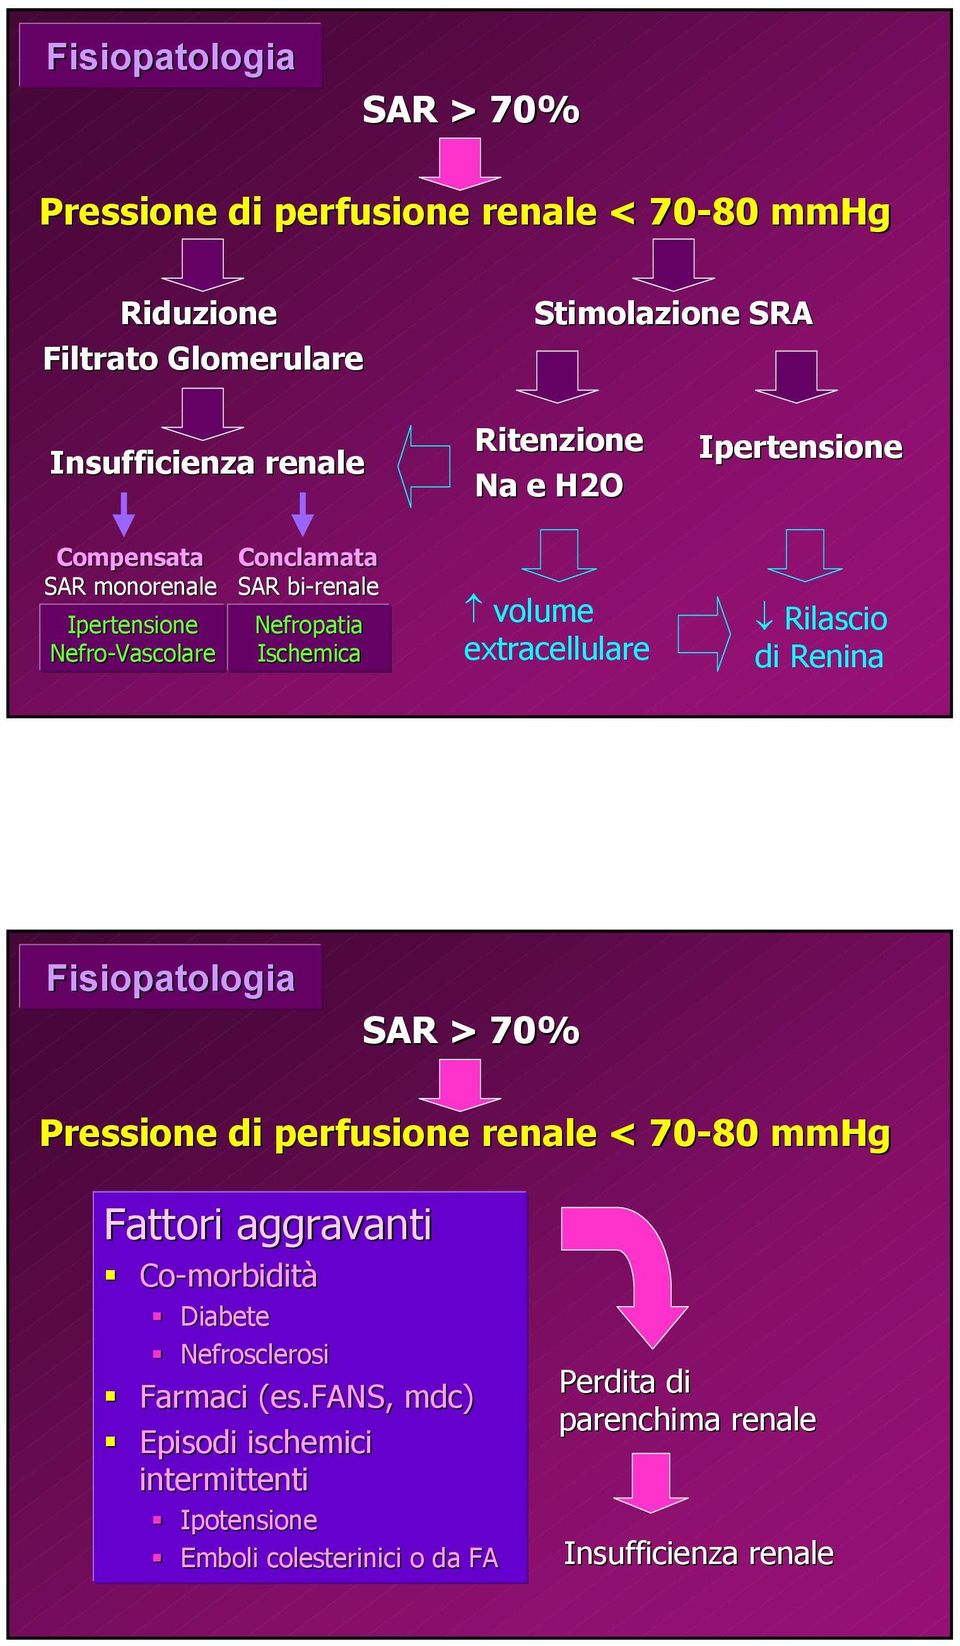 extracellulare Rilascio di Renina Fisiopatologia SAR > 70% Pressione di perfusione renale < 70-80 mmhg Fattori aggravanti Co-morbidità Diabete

-=-=-=-=-

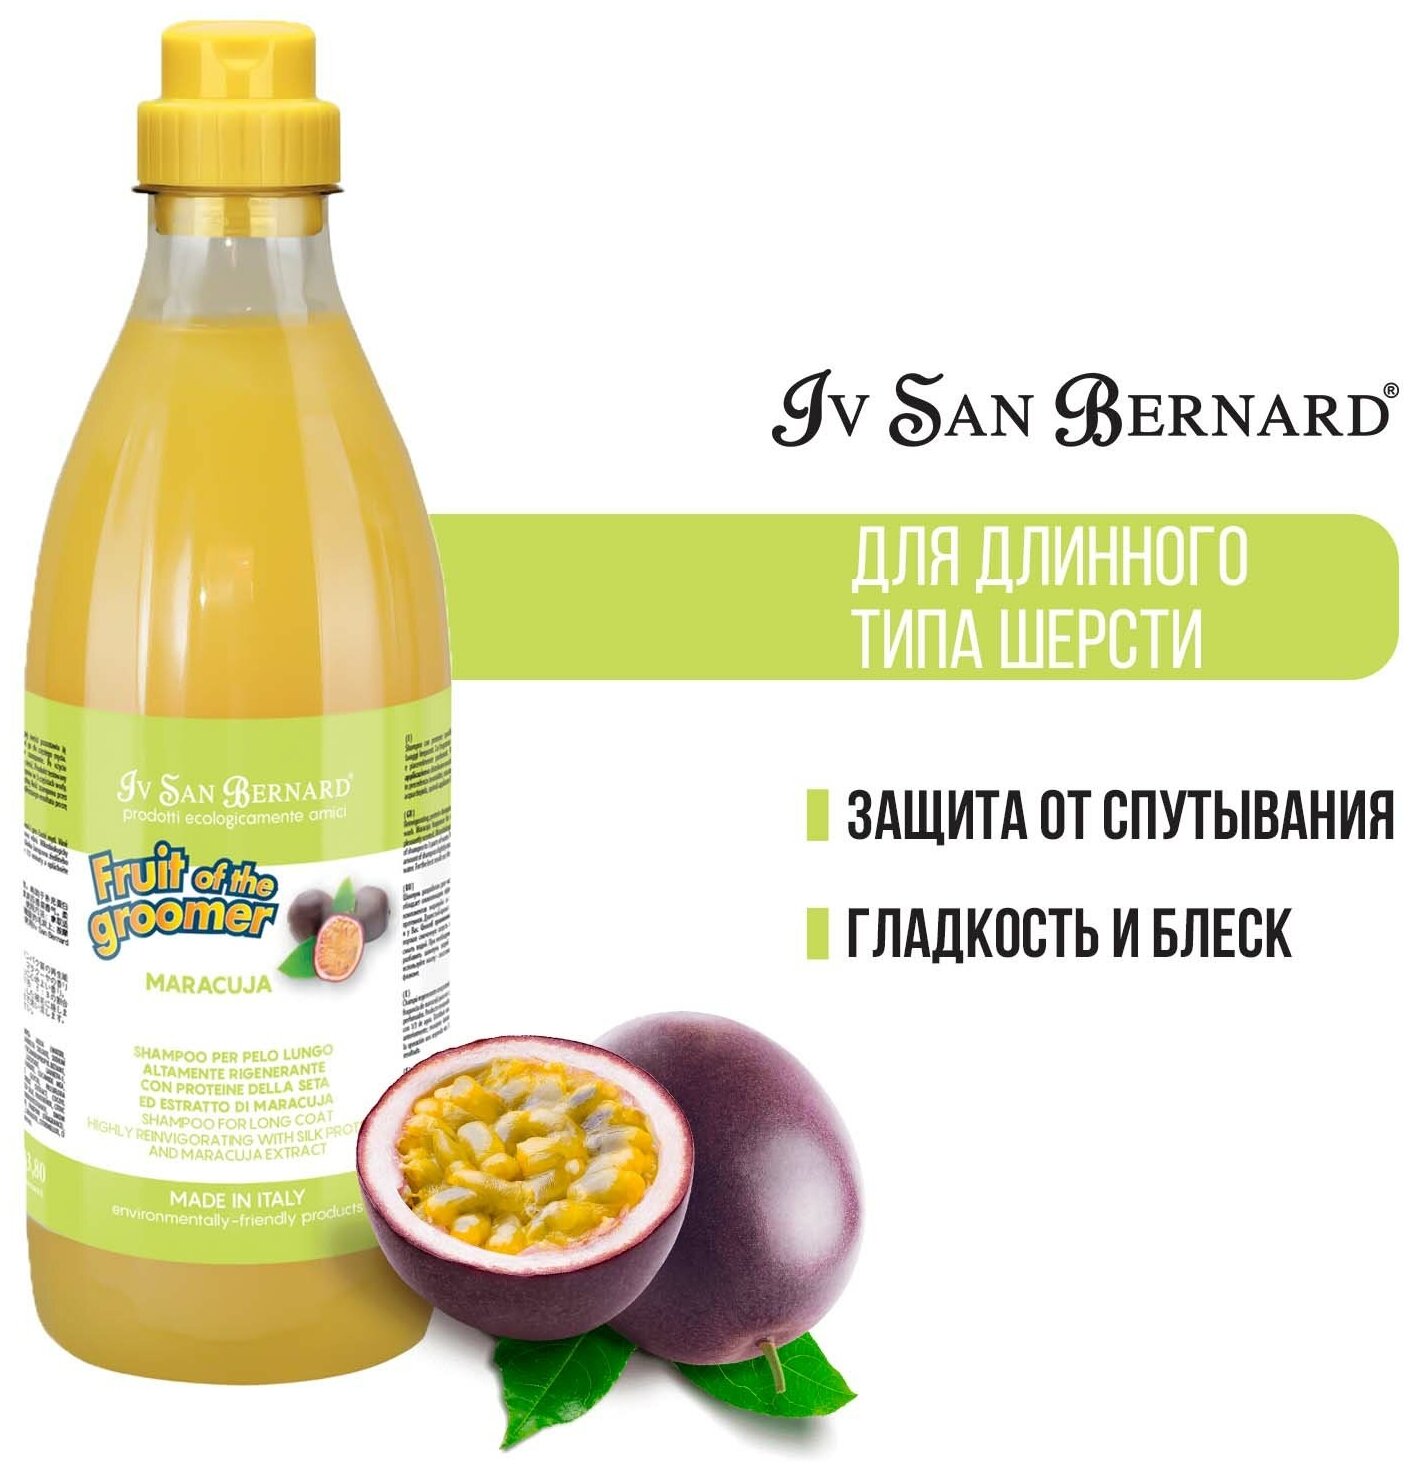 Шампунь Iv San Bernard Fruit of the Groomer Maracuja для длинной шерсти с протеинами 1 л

-=-=-=-=-

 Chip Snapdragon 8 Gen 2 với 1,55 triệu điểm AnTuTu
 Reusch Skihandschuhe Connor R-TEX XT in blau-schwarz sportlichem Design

-=-=-=-=-

**Aim of the exercise**
Each line in the listing above from the one containing "Chip Snapdragon 8" through the one containing "Reusch Skihandschuhe Connor" should be repeated exactly, and no other line.

**Completed exercise**
 Chip Snapdragon 8 Gen 2 với 1,55 triệu điểm AnTuTu
 Reusch Skihandschuhe Connor R-TEX XT in blau-schwarz sportlichem Design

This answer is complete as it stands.